Es gibt Hinweise aus Studien, dass z.B. religiöse Studierende eher unkonventionell sind und sich vom Konformitätsdruck etwas besser distanzieren können als ihre Kommilitonen. Manche dürften aber auch besonders leistungsorientiert sein. Belastend wirkt sich vor allem die religiöse Vorstellung eines strafenden oder rächenden Gottes aus. Riskant ist auch die Vorstellung, ein Christ müsse fröhlich sein oder christlicher Glaube schliesse depressives Leiden aus. Dahinter steckt eine gefährliche Instrumentalisierung von Religion. Wenn ein Mensch dann trotzdem in eine Depression fällt, ist die Enttäuschung doppelt. Funktionalisierte Religion funktioniert nicht.
Stimmt der gefühlte Eindruck, dass die moderne Psychiatrie sich eher wieder offen zeigt gegenüber religiösen Empfindungen und sich auch ungenierter als früher bedient aus dem Erfahrungsschatz der Religionen?

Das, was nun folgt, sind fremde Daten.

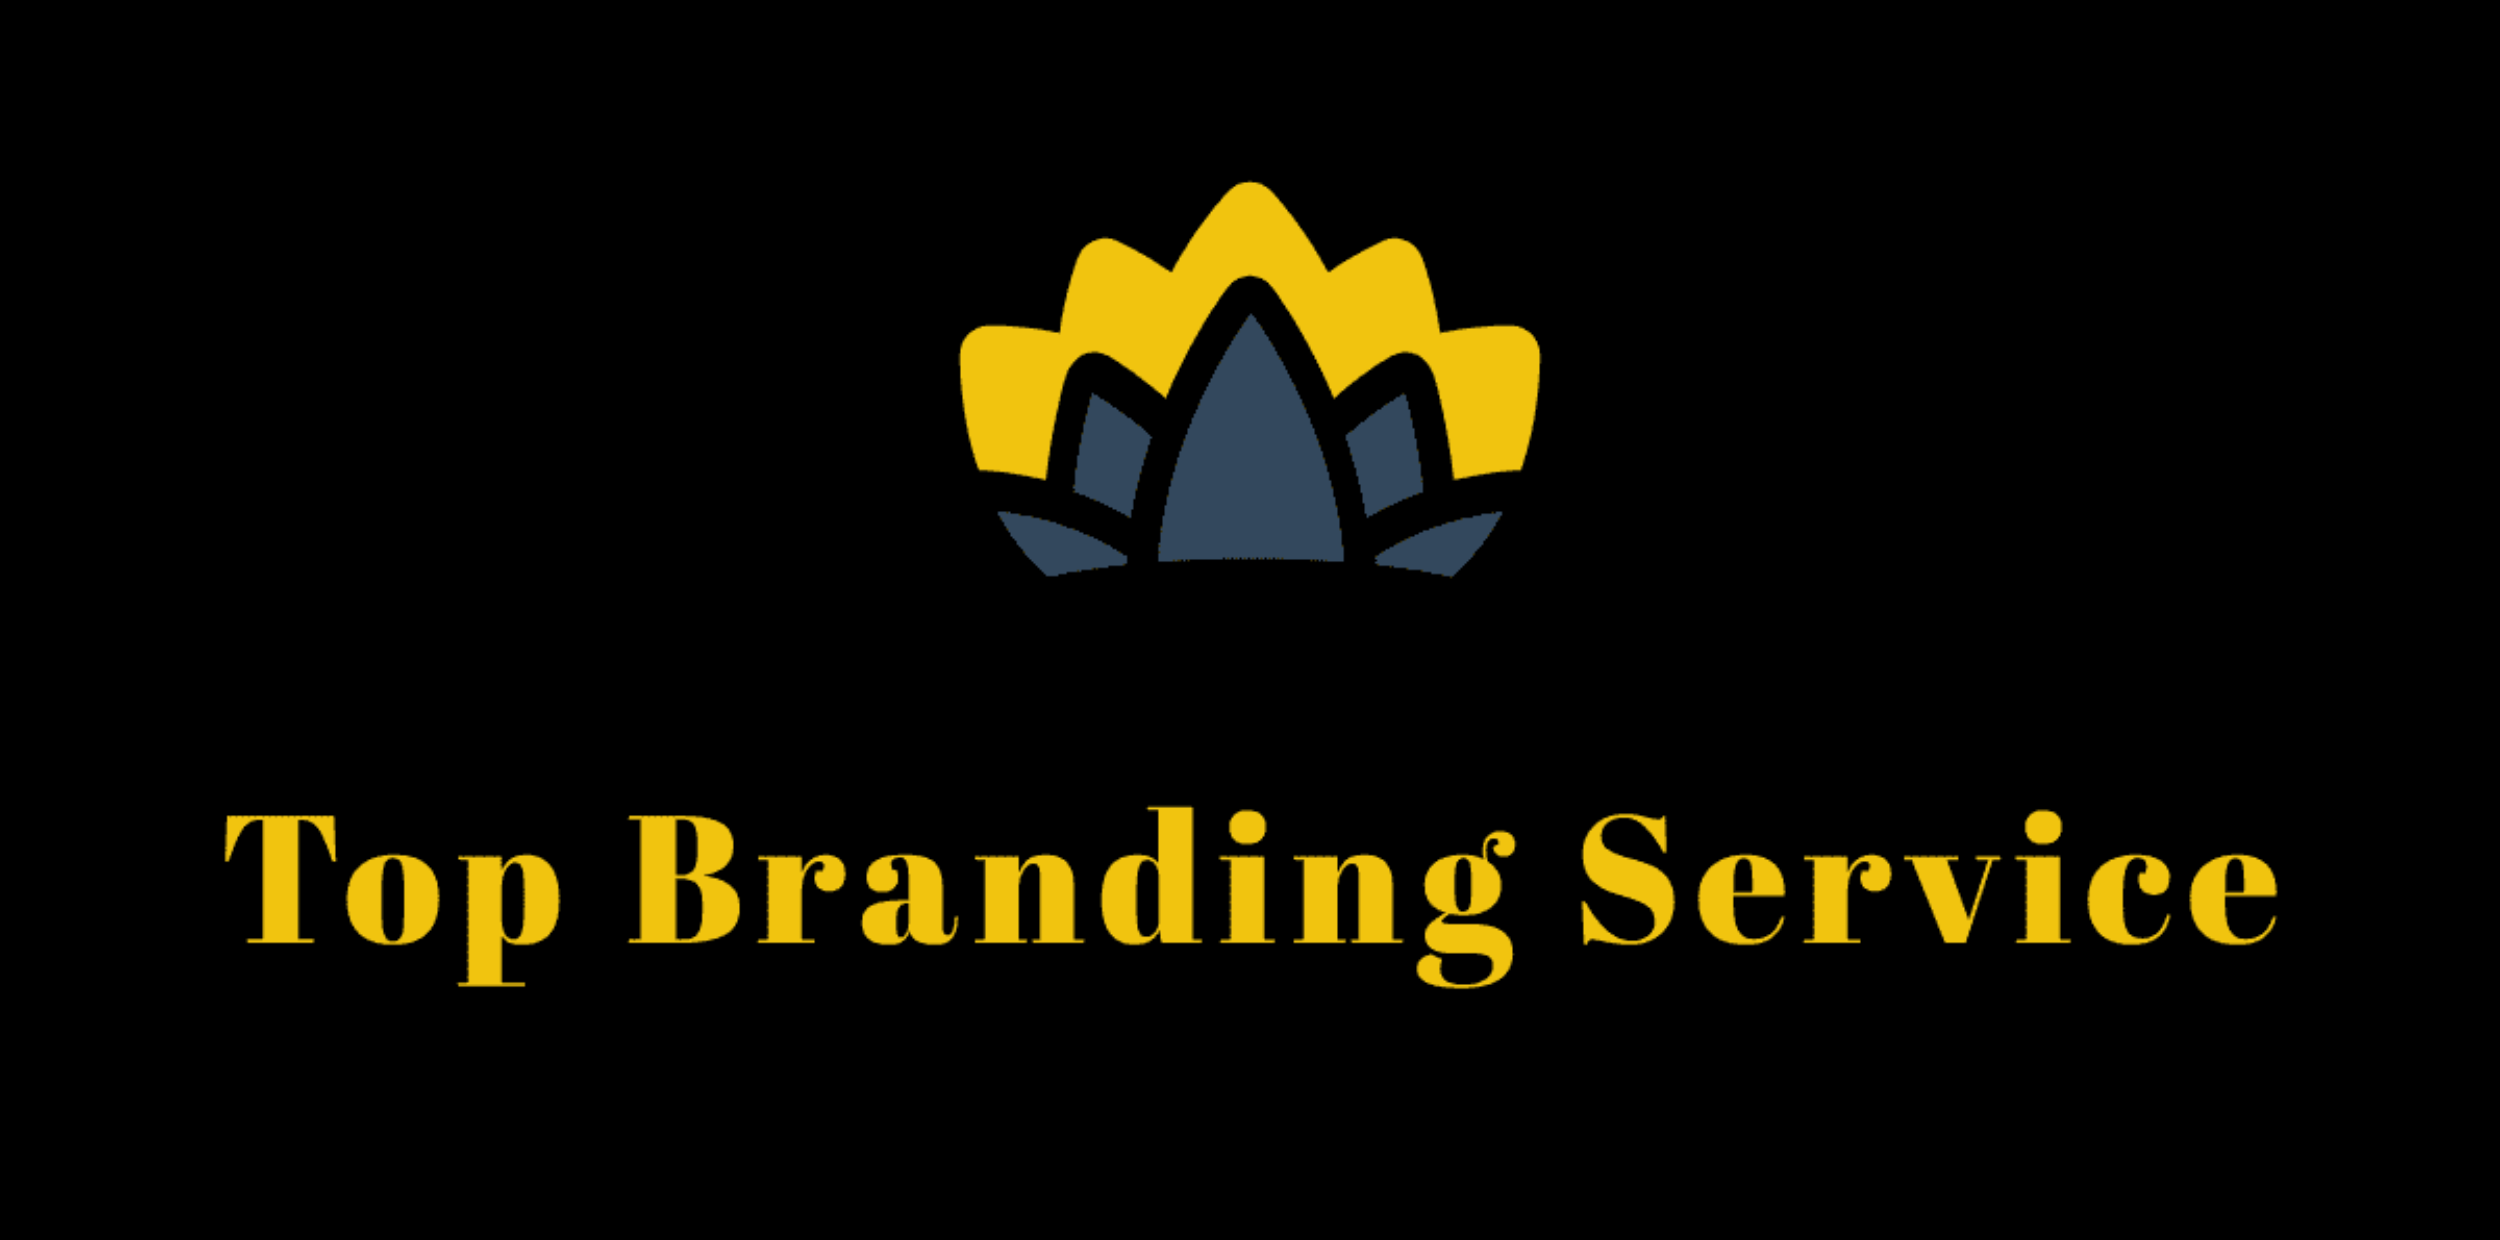 Top Branding Service

Stichwort: Spiritualisierung der Therapie.
Ja, unbedingt. Viele religiöse Ansätze und Praktiken werden heute in säkularisierter Form von psychotherapeutischen Schulen übernommen. Dazu gehören Vergebungspraktiken und – am bekanntesten – achtsamkeitsbasierte Therapieformen, die meditative Methoden aus dem Buddhismus praktizieren. Dadurch öffnet sich die Psychotherapie aber nicht unbedingt religiösen Überzeugungen z.B. des Christentums, weil diese Praktiken oft mit einer atheistischen Lehre verknüpft werden.
Wie stark ist der Zusammenhang von krankmachenden Formen der Religiosität und Sexualität?
Religiöse Lehren, die körperfeindlich oder stark schuldinduzierend sind, machen Menschen vor allem in sexueller Hinsicht zu schaffen. Bekannt ist die Onanieproblematik jüngerer Menschen, die sexualfeindlich erzogen wurden. Darüber hinaus erschwert die Tabuisierung von Sexualität die Integration sexueller Bedürfnisse in die Persönlichkeitsentwicklung. Die Abspaltung sexueller Triebe kann affektive Probleme verstärken, vor allem aber zu Hemmungen infolge einer Schuld- und Schamproblematik beitragen.
Hat die institutionalisierte Form von Religion wie eine reformierte Landeskirche überhaupt noch einen Einfluss auf die psychische Gesundheit ihrer Mitglieder, sei es positiv oder negativ?
Ich würde den Einfluss des institutionalisierten Christentums auf die psychische Gesundheit vieler Menschen nicht unterschätzen. Unbestritten ist der diakonische Einsatz für viele benachteiligte und kranke Menschen äusserst wirksam und hilfreich. Auch Seelsorge hat einen hohen Stellenwert und ist durch säkulare Angebote nicht einfach zu ersetzen. Aber Glaubenssätze haben es heute – im Zeitalter der
Individualisierung und technisch-wissenschaftlichen Medialisierung – schwer. Vielleicht sind aber gerade heute christliche Positionen besonders wichtig, um konformen soziokulturellen Tendenzen, die Menschen auch belasten und krank machen können, entgegenzuwirken.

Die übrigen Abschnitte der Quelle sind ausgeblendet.